Major General Guy Payan Dawnay,  (23 March 1878 – 19 January 1952) was a British Army officer and merchant banker. He was the nephew of Guy Dawnay, a politician.

Career
Dawnay was commissioned a second lieutenant in the Coldstream Guards on 20 May 1899, and promoted to lieutenant on 10 July 1900. He served in South Africa during the Second Boer War, where he was a staff officer as Aide-de-camp to Major-General Bruce Hamilton, in command in Eastern Transvaal. Following the end of hostilities, he left Cape Town with Hamilton on board the  in late June 1902, and arrived at Southampton the following month. For his service in the war, he was appointed a Companion of the Distinguished Service Order (DSO) in the October 1902 South African honours list.

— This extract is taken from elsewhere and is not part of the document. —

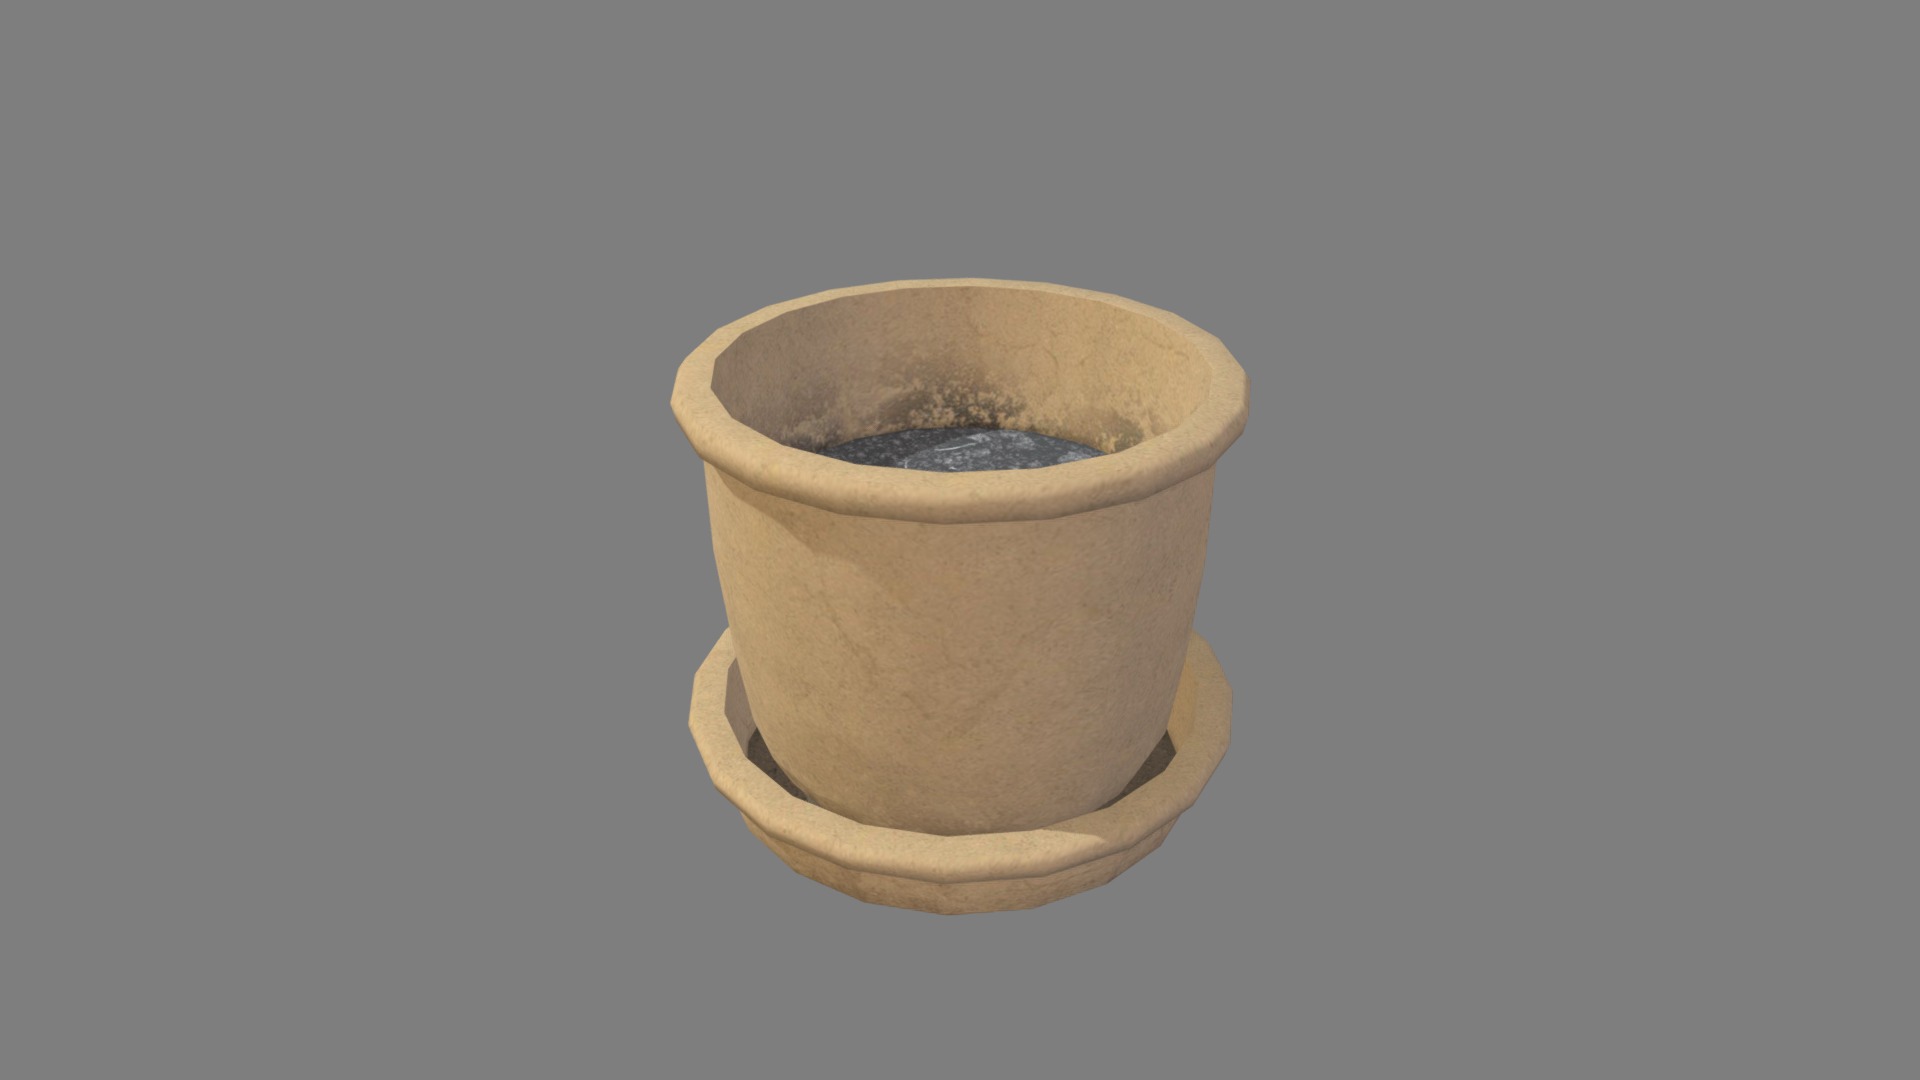 3D model Pot 01 - This is a 3D model of the Pot 01. The 3D model is about a cup on a table.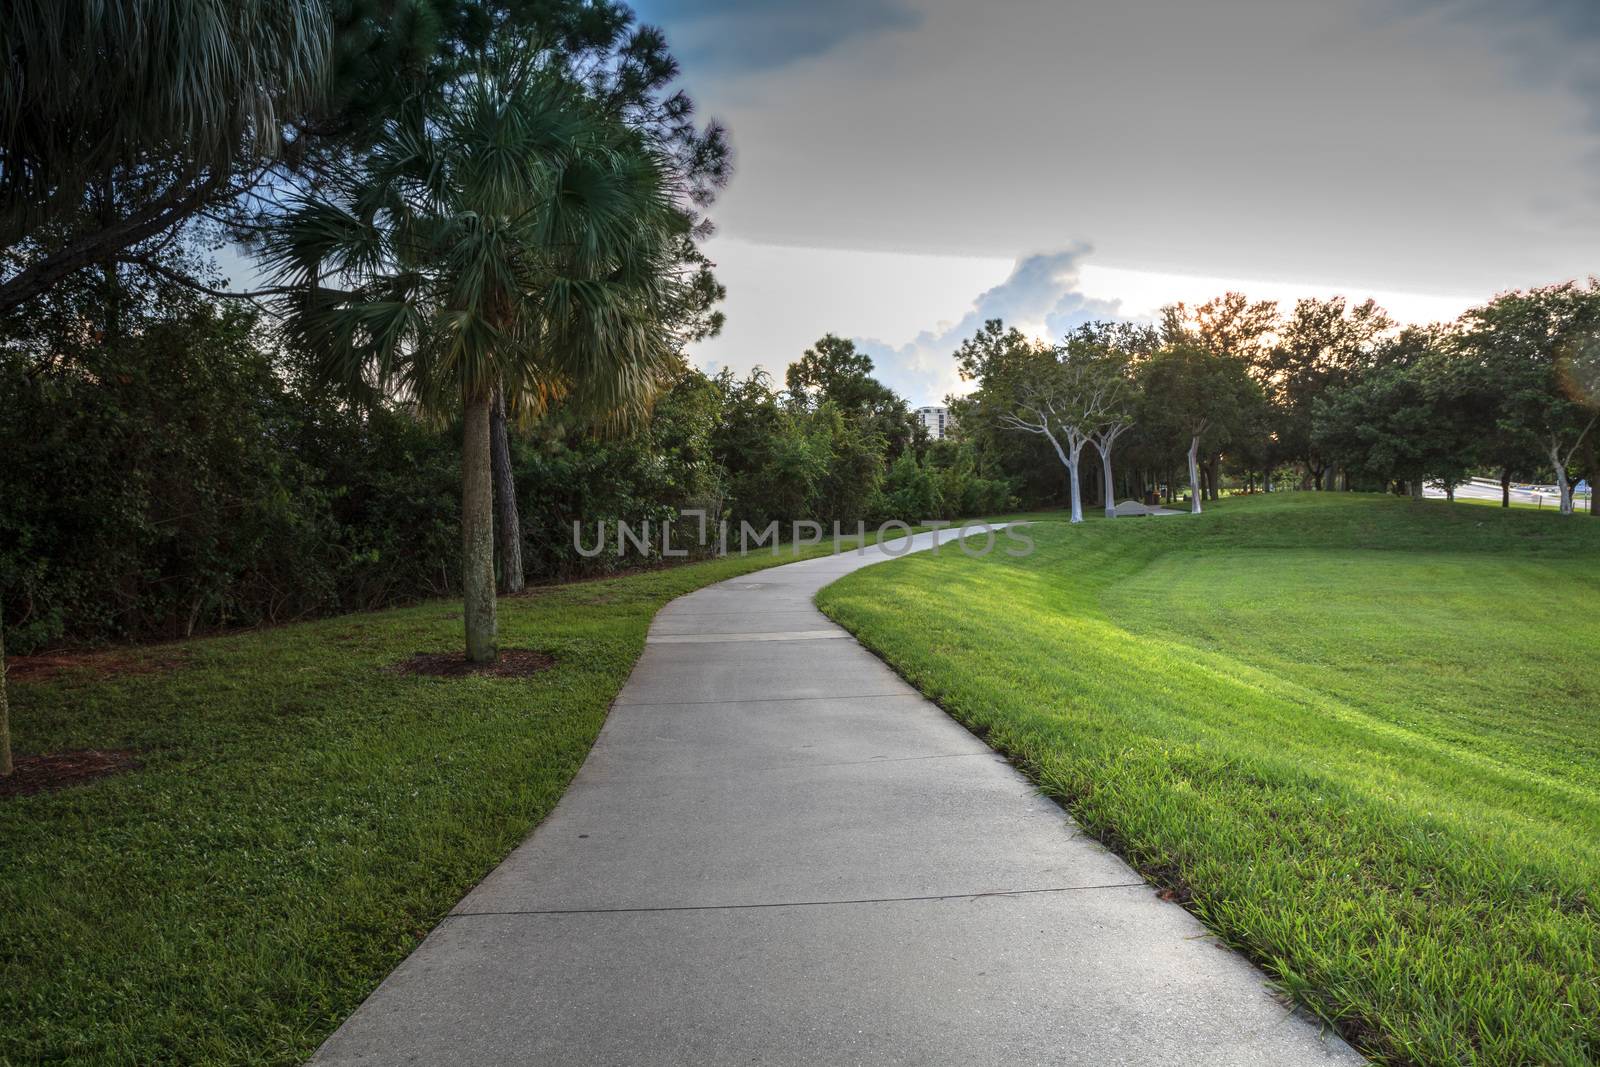 Conner Park path leads down to Delnor Wiggins Pass in Naples, Florida

During the First World War Dawnay was assigned to the General Staff of the Mediterranean Expeditionary Force and fought at the Gallipoli campaign during the First World War. Following the withdrawal from Gallipoli he was shifted to the headquarters of the newly formed Egyptian Expeditionary Force. When the corp-sized Eastern Force was created under Lieutenant-General Charles Dobell in September 1916 to command operations in the Sinai, Dawnay was assigned as Chief of Staff (Brigadier General, General Staff). He continued as Chief of Staff to Dobell's successor Philip Chetwode until August 1917 when he became Deputy Chief of Staff of the Egyptian Expeditionary Force, still with the rank of the Brigadier-General.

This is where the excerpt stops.